Giacomo C.
August 16, 2007
Whenever anyone summarizes W.G. Sebald’s Vertigo, they usually paraphrase his American publisher New Directions and mention the “restless literary ghosts” that Sebald pursues in the book: Stendhal, Casanova, and Kafka. I’m a little surprised how long it took me to ask: What’s wrong with this list? Stendhal, Casanova, Kafka? Why is Casanova in that triumvirate? Giacomo Casanova (1725-1798), whose name has become has become a noun meaning “a man who engages in promiscuous love affairs” (Shorter OED 5th ed.), doesn’t immediately seem to fit into the Sebald pantheon.
So I went back this week and re-read the second chapter of Vertigo, called All’estero.In October 1980, Sebald’s narrator travels from Vienna to Venice, whereupon he starts to read the sections on Venice from Franz Grillparzer’s Italian Diary. On reading Grillparzer’s comments about the Doge’s palace, the narrator notes that
the resolutions passed here by the Council of State must surely be mysterious, immutable, and harsh, [Grillparzer] observed, calling the palace an enigma in stone.

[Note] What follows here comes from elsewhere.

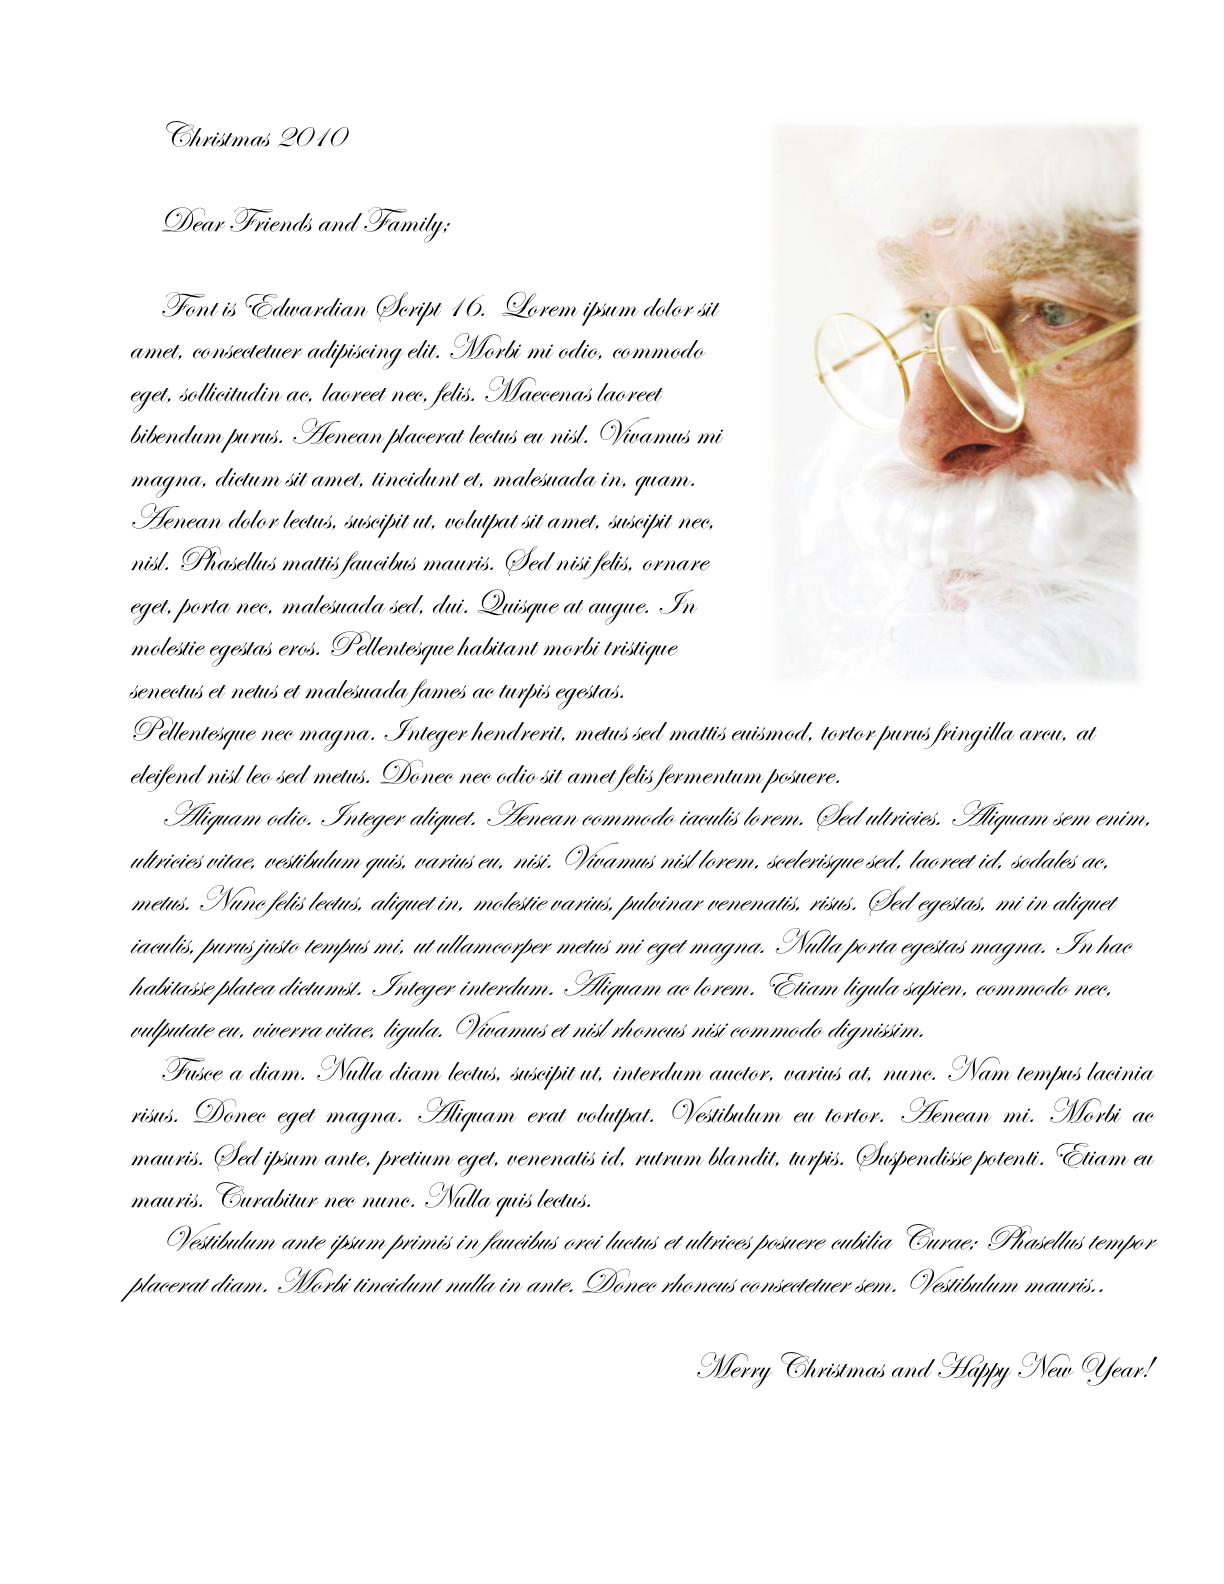 DoMyChristmasLetterForMe.blogspot.com: Christmas Letter Sample Ideas
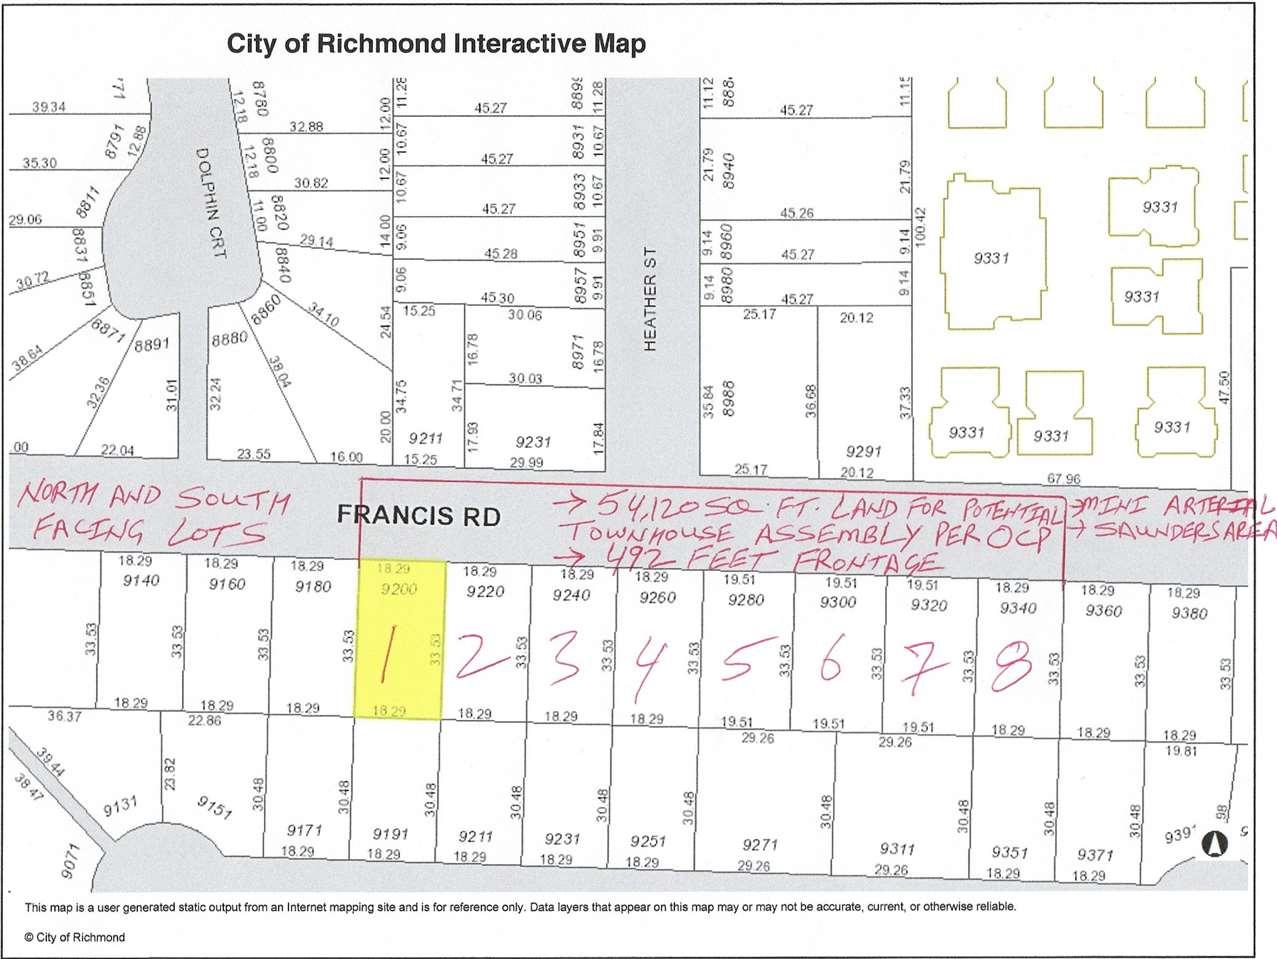 9220 FRANCIS ROAD, Richmond

The nature of that enigma was apparently dread, and for as long as he was in Venice Grillparzer could not shake off a sense of the uncanny. Trained in the law himself, he dwelt on that palace where the legal authorities resided and in the inmost cavern of which , as he put it, the Invisible Principle brooded. (page 54)
Sebald’s narrator then shifts to “one of the victims of Venetian justice,” Casanova, who spent more than a year imprisoned there. (In 1788, Casanova published his memoir of imprisonment and escape.)
Casanova considered the limits of human reason. He established that, while it might be rare for a man to be driven insane, little was required to tip the balance. All that was needed was a slight shift, and nothing would be as it formerly was. In these deliberations, Casanova likened a lucid mind to a glass, which does not break of its own accord. Yet how easily it is shattered. One wrong move is all that it takes… It was soon apparent that the condemned in that gaol were honorable persons to a man, but for reasons which were known only to their Excellencies, and were not disclosed to the detainees, they had had to be removed from society. When the tribunal seized a criminal, it was already convinced of his guilt. After all, the rules by which the tribunal proceeded were underwritten by senators elected from among the most capable and virtuous of men. Casanova realised that he would have to come to terms with the fact that the standards which now applied were those of the legal system of the Republic rather than of his own sense of justice. (pages 56-7)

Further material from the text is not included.